Hanno fatto questa trade perché sicuramente erano convinti di non poterlo rifirmare e piuttosto che perderlo per nulla in cambio l'hanno tradato. Diciamo che sono riusciti ad imbastire una buona trade, però l'impatto che dava il barba Martin non te lo da. Nel breve periodo, imho, si sono indeboliti.


----------



## alexandre (28 Ottobre 2012)

scelta obbligata, non avrebbe rifirmato, l'hanno ceduto subito per ottenere il massimo anzichè perderlo a 0 a luglio. evidentemente gli stava stretto il ruolo di sesto uomo e voleva molti soldi. intanto si sono presi uno scorer dalla panca come martin che va in scadenza e un prospetto come lamb che lascia ben sperare. ci perdono nell'immediato, ma a lungo andare con p.jones, lamb e le scelte possono mantenere la squadra competitiva molti anni


----------



## DMZtheRockBear (28 Ottobre 2012)

strada spianata per i lacustri ad ovest allora 

A parte gli scherzi quest'anno a meno di clamorosi eventi OKC si abbassa al livello di 4-5 squadra della lega secondo me


----------



## Kurt91 (7 Novembre 2012)

Jerry Sloan ai Lakers se dovesse saltare il sacco di patate? Dove si firma?


----------



## Kurt91 (17 Novembre 2012)

Si parla di Gasol ad Atlanta e Korver+J.Smith ad L.A. Non credo che gli Hawks ti regalino in questa maniera il loro giocatore franchigia e un tiratore come Korver.


----------



## Livestrong (18 Novembre 2012)

C e da dire che smith è in scadenza e non ha alcuna intenzione di rinnovare


----------



## DMZtheRockBear (30 Novembre 2012)

fisher va a dallas


----------



## DR_1 (30 Novembre 2012)

In bocca al lupo al venerabile maestro allora. PG di riserva extralusso.


----------



## Kurt91 (11 Dicembre 2012)

Secondo USA Today, Bargnani è in vendita ma per ora non ci sono acquirenti. Con lui è stato messo sul mercato anche il play spagnolo Calderon.


----------



## Livestrong (11 Dicembre 2012)

Kurt91 ha scritto:


> Secondo USA Today, Bargnani è in vendita ma per ora non ci sono acquirenti. Con lui è stato messo sul mercato anche il play spagnolo Calderon.

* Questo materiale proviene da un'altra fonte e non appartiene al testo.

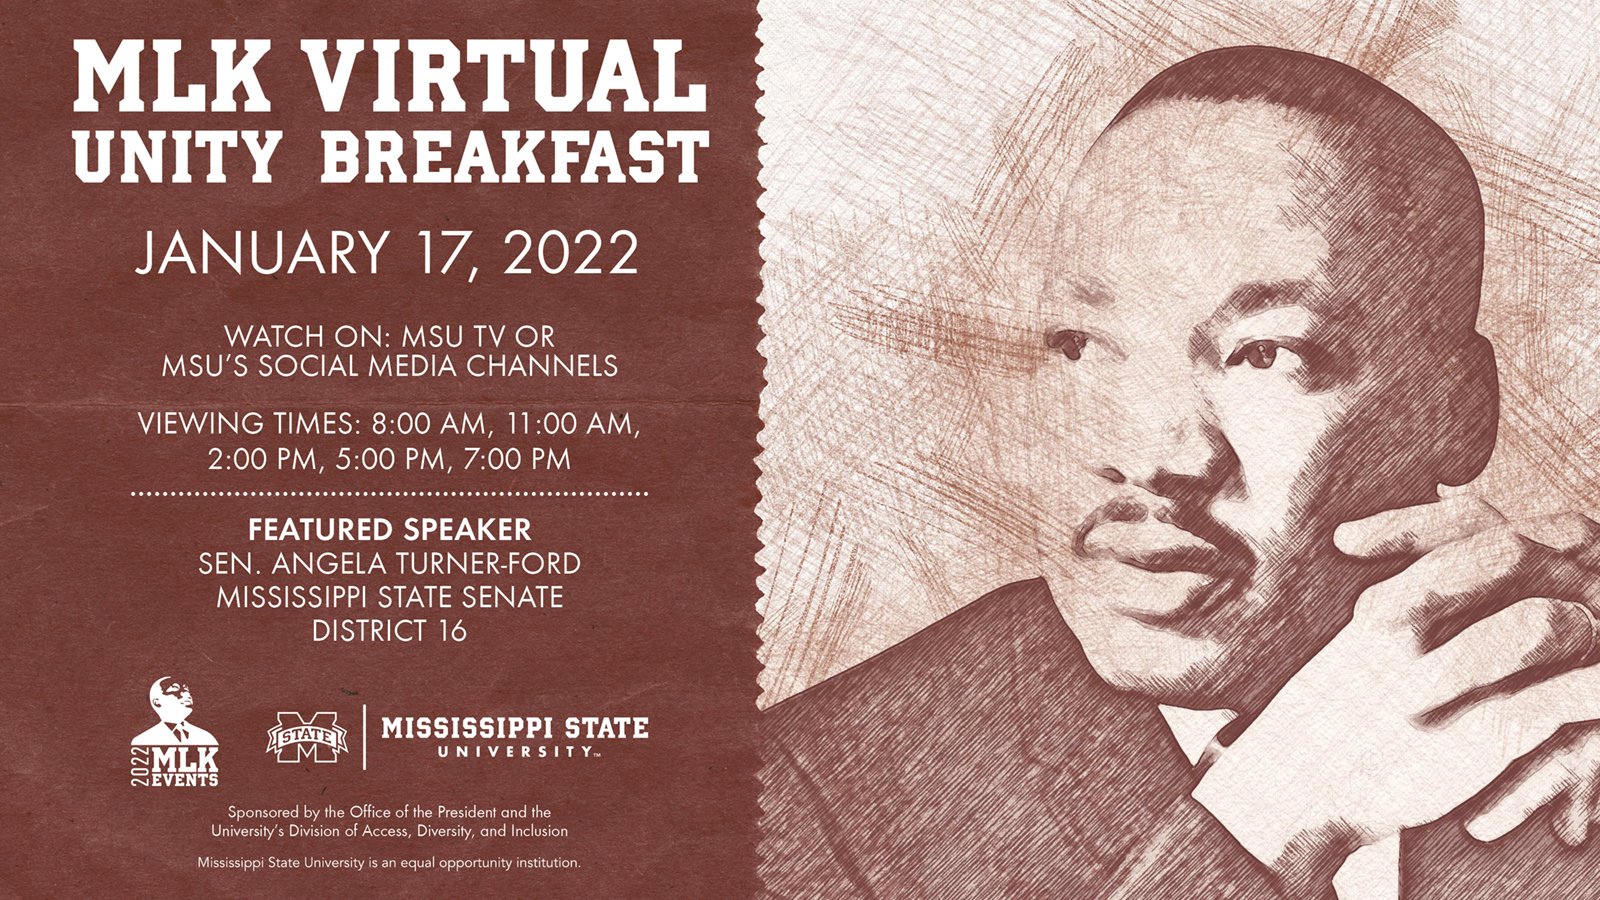 Maroon and white graphic with image of Martin Luther King Jr.

Calderon sicuramente attirerà più interesse di Bargnani... Penso che la sua storia nella nba finirà nel momento stesso in cui scadrà il suo (esagerato) contratto


----------



## Underhill84 (8 Febbraio 2013)

Sono uscite voci di un possibile scambio Bargnani-Boozer..... Per quanto non mi piaccia boozer sarebbe un suicidio per chicago prendere Bargnani... Cavolo non sa prendere un rimbalzo =_=


----------



## DMZtheRockBear (8 Febbraio 2013)

sono un fan di boozer e ritengo che se chicago faccia questa trade si suicidi tatticamente parlando,ma credo allo stesso tempo che bargnani in una nuova franchigia possa far bene


----------



## Snake (8 Febbraio 2013)

Bargnani con Thibo


----------



## Kurt91 (26 Febbraio 2013)

Raja Bell vicino ai Lakers.


----------



## pennyhill (17 Aprile 2013)

Quel che resta di Tracy McGrady agli Spurs fino a fine stagione.


----------



## Frikez (17 Aprile 2013)

pennyhill ha scritto:


> Quel che resta di Tracy McGrady agli Spurs fino a fine stagione.


----------



## prebozzio (23 Maggio 2013)

Vogliamo parlare della fortuna di [MENTION=2]Livestrong[/MENTION] al draft?


----------



## Livestrong (23 Maggio 2013)




----------



## smallball (23 Maggio 2013)

i Cavs baciati letteralmente dalla dea bendata...potranno ricostruire con ancora piu' ambizioni


----------



## Livestrong (23 Maggio 2013)

Noel é secondo me un gran centro.... 

Detto questo, finché ci sarà Brown.... Di sicuro questa scelta mi farà rinnovare l'abbonamento per seguire la squadra, quello é sicuro. Nemmeno un incapace come Brown potrebbe rovinare Kyrie + Noel con Waiters e TT (aspettando il mercato free agent)


----------



## Livestrong (23 Maggio 2013)

Ah ovviamente sempre che non tradino la prima scelta... Perché c'é anche sta possibilita


----------



## DMZtheRockBear (23 Maggio 2013)

fatemi capire già hanno fatto il draft? :O


----------



## gabuz (23 Maggio 2013)

DMZtheRockBear ha scritto:


> fatemi capire già hanno fatto il draft? :O


No, solo la lotteria per l'ordine di chiamata


----------



## Livestrong (4 Giugno 2013)

Sembra che il Cap quest anno sarà più basso del previsto, attorno ai 58 Mln $ invece dei preventivati 60


----------



## prebozzio (15 Giugno 2013)

Clamoroso, pare che Rivers, Garnett e Pierce stiano per passare ai Clippers


----------



## Livestrong (24 Giugno 2013)

Doc Rivers ai Clippers. Credo sia fatta anche per Garnett a questo punto.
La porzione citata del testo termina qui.